MNA member offers testimony at hearing on payment reform
From the Massachusetts Nurse Newsletter
June/July 2011 Edition
|Marie Ritacco, an RN at St. Vincent Hospital in Worcester, testifies before the Joint Committee on Health Care Finance on May 23. Seated, from left, Rep. Carolyn Dykema, D-Holliston; Rep. Denise Garlick, D-Needham; committee staff member; Senate Chairman Richard Moore, D-Uxbridge; House Chairman Steven Walsh, D-Lynn.|
On May 23, RN and MNA activist Marie Ritacco participated in a legislative hearing with the Joint Committee on Health Care Finance regarding H.1849, An Act Relative to Improving the Quality of Health Care and Controlling Costs by Reforming Health Systems and Payments. What follows is her powerful, expert testimony.
“Good morning. My name is Marie Ritacco, and I am a registered nurse. I live in Auburn, and I am a post anesthesia care nurse at St. Vincent Hospital in Worcester. I am here today with some of my sister nurses from Central Massachusetts. I do want to thank the Committee for conducting these hearings all over the state. This is obviously an important topic, and I think it is great that you are making the debate on this process so accessible.

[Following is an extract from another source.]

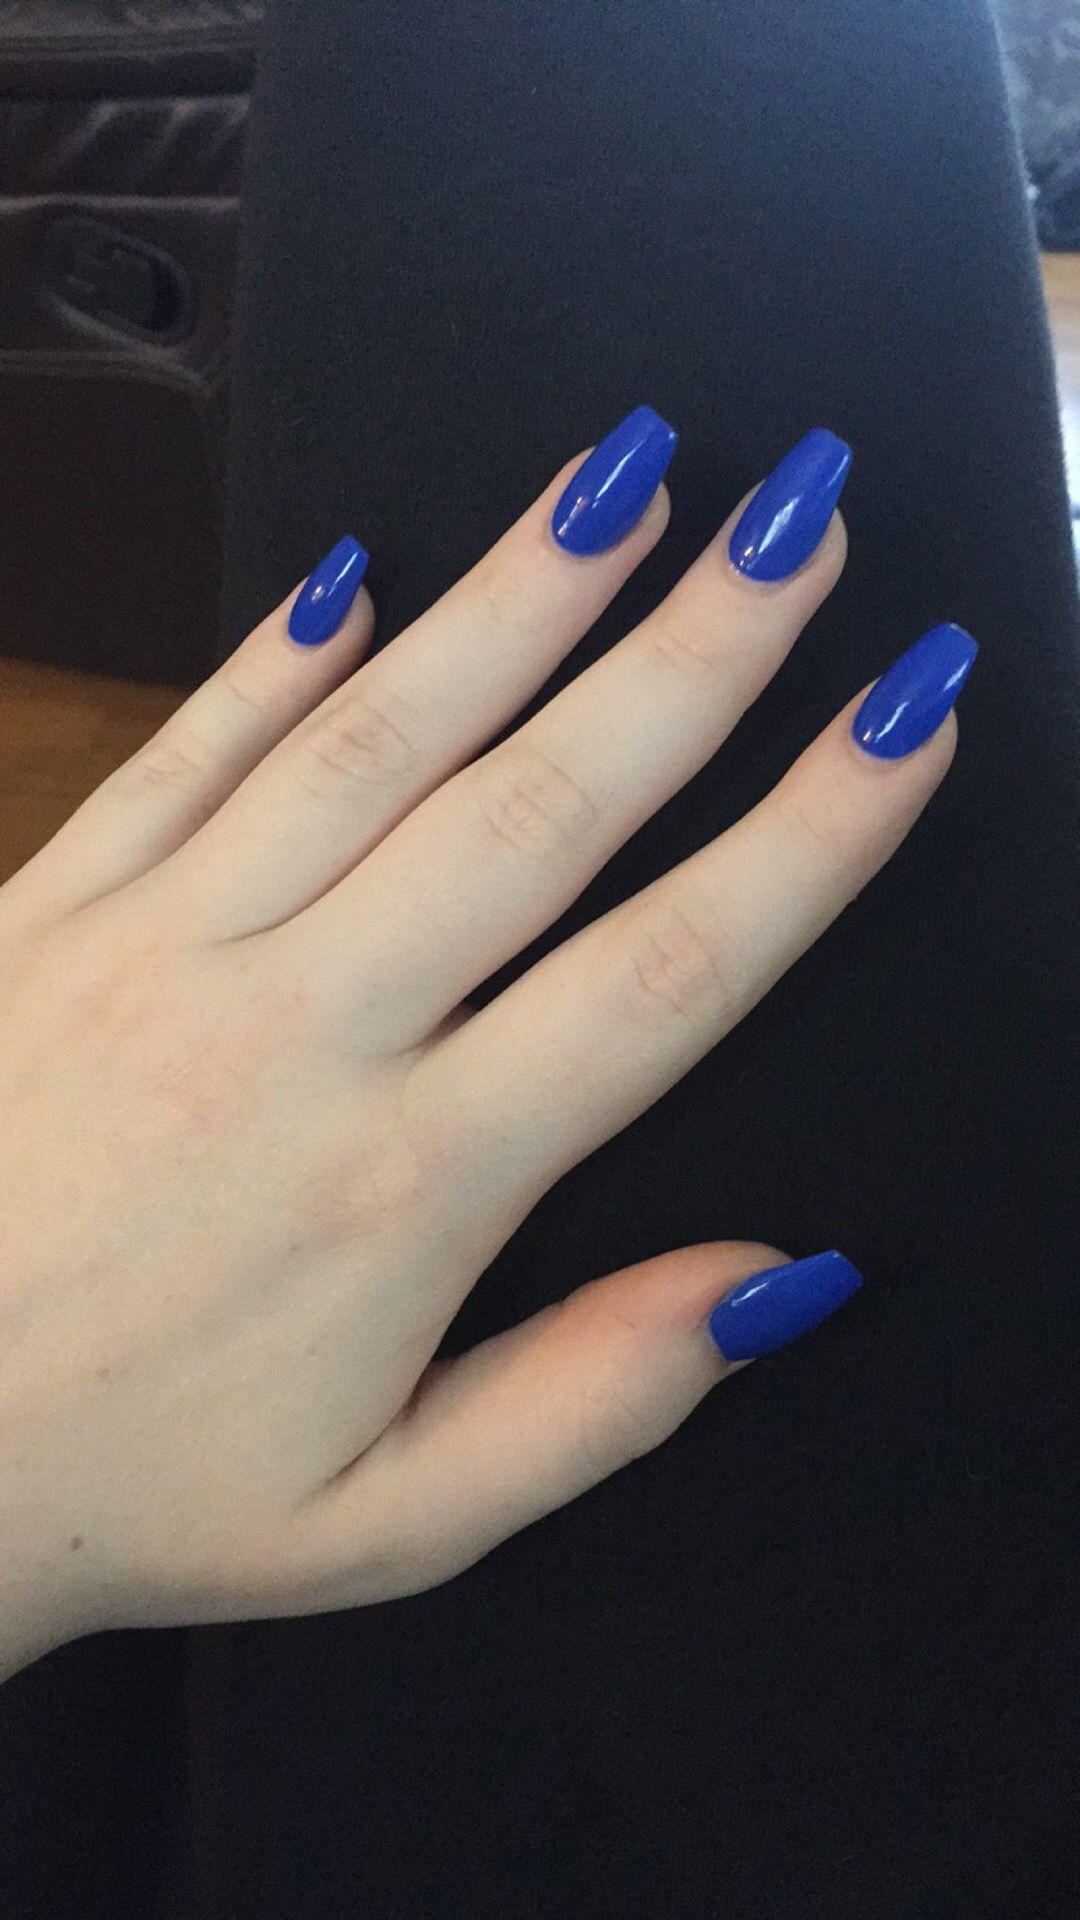 Royal Blue Coffins Royal Blue Nails Blue Acrylic Nails Blue Nails

“I do not pretend to understand the complexity of payment systems, but I do understand what is happening to patients at the hospital bedside. I have been a nurse for more than 25 years, and I have had a bedside view of how the hospital industry has responded to the changing environment. In addition, what I can tell you is that every time there has been any kind of change in health policy, the hospital industry has always responded in the same way. They have consistently attempted to cut costs by reducing the level of nursing care in their facilities. Specifically, they have assigned more and more patients to every nurse, they have increased the use of mandatory overtime to staff their facilities, and they have tried to delegate nursing duties to staff people who might not be qualified to perform them.

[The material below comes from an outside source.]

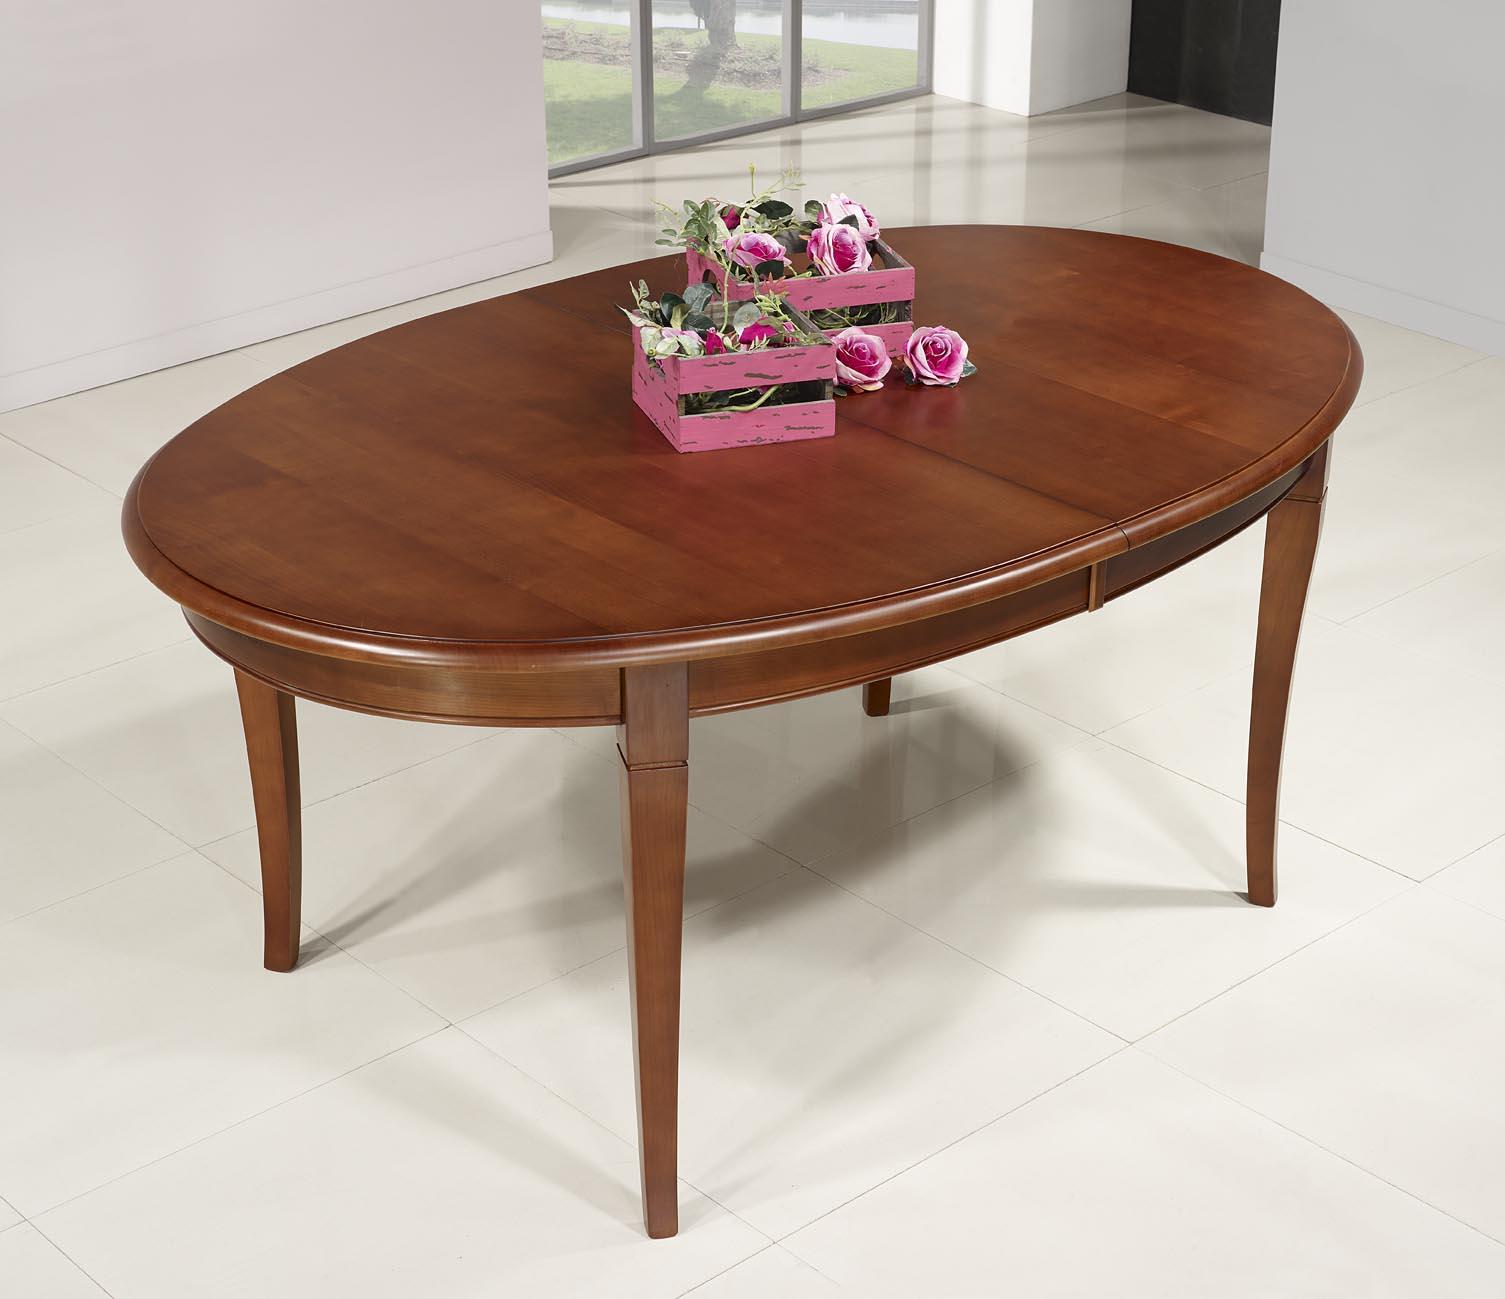 Mesa de comedor ovalada Estelle hecha en madera maciza de cerezo ...

“There are two problems with these strategies. The first is that they are dangerous for patients. All of these practices result in compromised patient care. This leads to the second problem, which is that they do not save money, at least not in the long term. All of these strategies result in preventable medical errors and complications, and treating those complications is expensive. As the legislature debates a bill expressly designed to reduce costs, I fear, and I know my sister nurses fear, that the hospital industry will respond to this round of reform in the same old way—they will cut nursing care.

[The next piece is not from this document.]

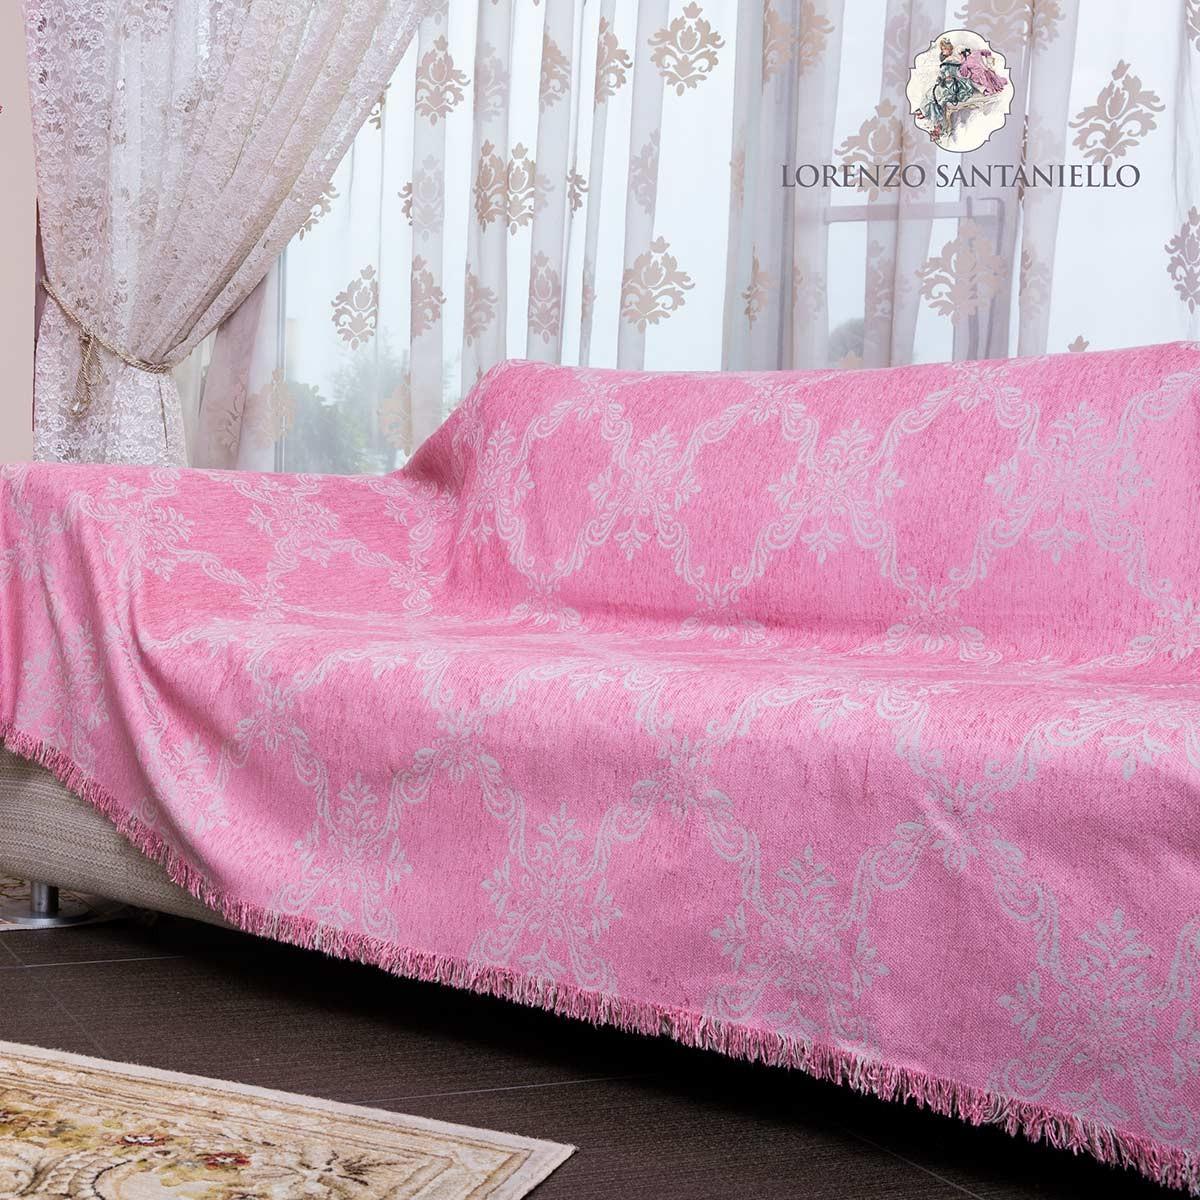 Ριχτάρι Πολυθρόνας (180x180) Lorenzo Santaniello Baroque Pink

“In fact, as you may know the nurses at my facility—St. Vincent Hospital—just finished a round of extremely difficult and contentious negotiations for a new contract. Throughout those negotiations, we heard repeatedly from the hospital administration that they had to cut nursing costs and could not staff the hospital safely in anticipation of payment reform. If hospitals like mine are already cutting nursing services in anticipation of payment reform legislation, I can only imagine what they are going to do when such legislation passes.
“I agree with the governor and with the committee that the problem of escalating health care costs has to be addressed. However, I am equally concerned that the trends of the last two decades—assigning more and more patients to every nurse, extensive use of mandatory overtime, and delegating clinical nursing duties to unlicensed personnel—will be further accelerated unless this bill includes some specific provisions to improve and protect quality standards. For a nurse like me, working at the hospital bedside, that means limits on RN patient loads, a prohibition on mandatory overtime, and maintaining the scope of nursing practice. Thank you for this opportunity to weigh in on this important legislation.”